Nadia Shpachenko: The Poetry of Places, world premieres by Andrew Norman, Harold Meltzer, Jack Van Zandt, Hannah Lash, Amy Beth Kirsten, James Matheson, Lewis Spratlan, Nina C. Young
In his 1873 essay "The School of Giorgione" Walter Pater famously said "All art constantly aspires towards the condition of music," but of course his argument is much more nuanced than this sound-byte, as cool as it is. "Although," he says,
"each art has thus its own specific order of impressions, and an untranslatable charm, while a just apprehension of the ultimate differences of the arts is the beginning of aesthetic criticism; yet it is noticeable that, in its special mode of handling its given material, each art may be observed to pass into the condition of some other art, by what German critics term an Anders-streben — a partial alienation from its own limitations, through which the arts are able, not indeed to supply the place of each other, but reciprocally to lend each other new forces."Those new forces are evident in each of these World Premiere works by eight composers, in this marvellous disc from pianist Nadia Shpachenko. Each of the works is about a special place, with music interacting with a wide range of human activities: fine and applied arts (architecture and design), the heritage arts and the natural world. "Part of my aim as an artist," says composer Amy Beth Kirsten, "is to project myself, through meditation and imagination, into another place so I might find the music that lives there." Between them, Kirsten and Shpachenko project us into the American Visionary Art Museum in Baltimore, designed by Rebecca Swanston and Alex Castro.

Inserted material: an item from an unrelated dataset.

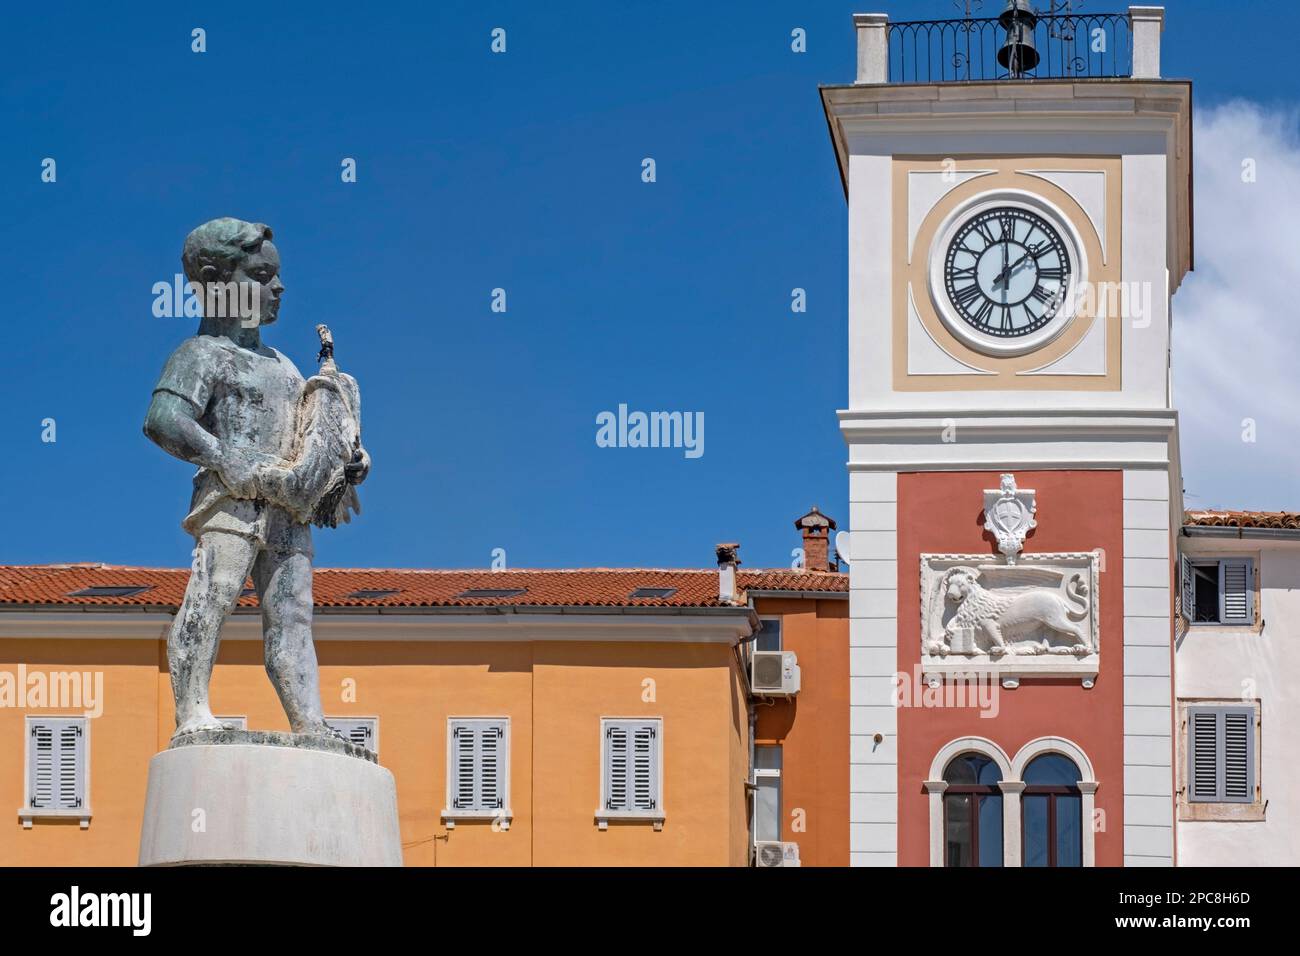 Boy with Fish fountain and 17th century red clock tower in the city Rovinj / Rovigno, seaside resort along the Adriatic Sea, Istria County, Croatia Stock Photo
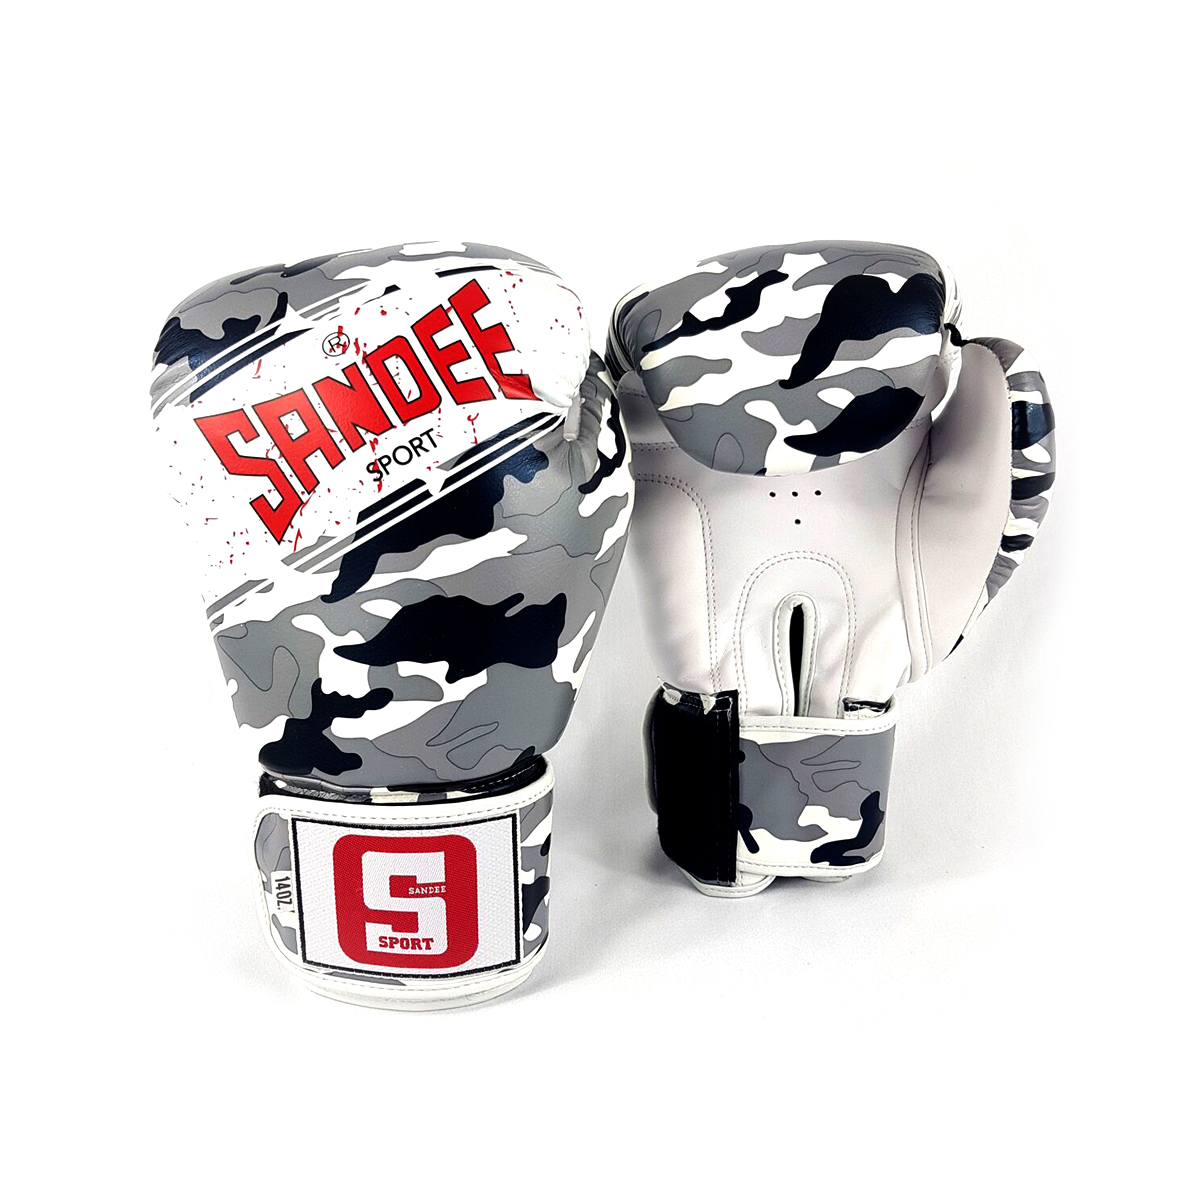 Sandee Sport Muay Thai Boxing Gloves - Camo - Click Image to Close

I happen to share a fondness for and a deep admiration of some of the architects of these special places, especially Frank Gehry and Louis Kahn. But each of these works is memorable, and beautifully played by Shpachenko on a Steinway grand piano and, memorably, on a toy piano, a Schoenhut 37 key Traditional Deluxe Spinet. As well she has excellent support from Joanne Pearce Martin in four-hand pieces, and percussionists Nick Terry and Cory Hills. This is a marvellous project, well worth exploring.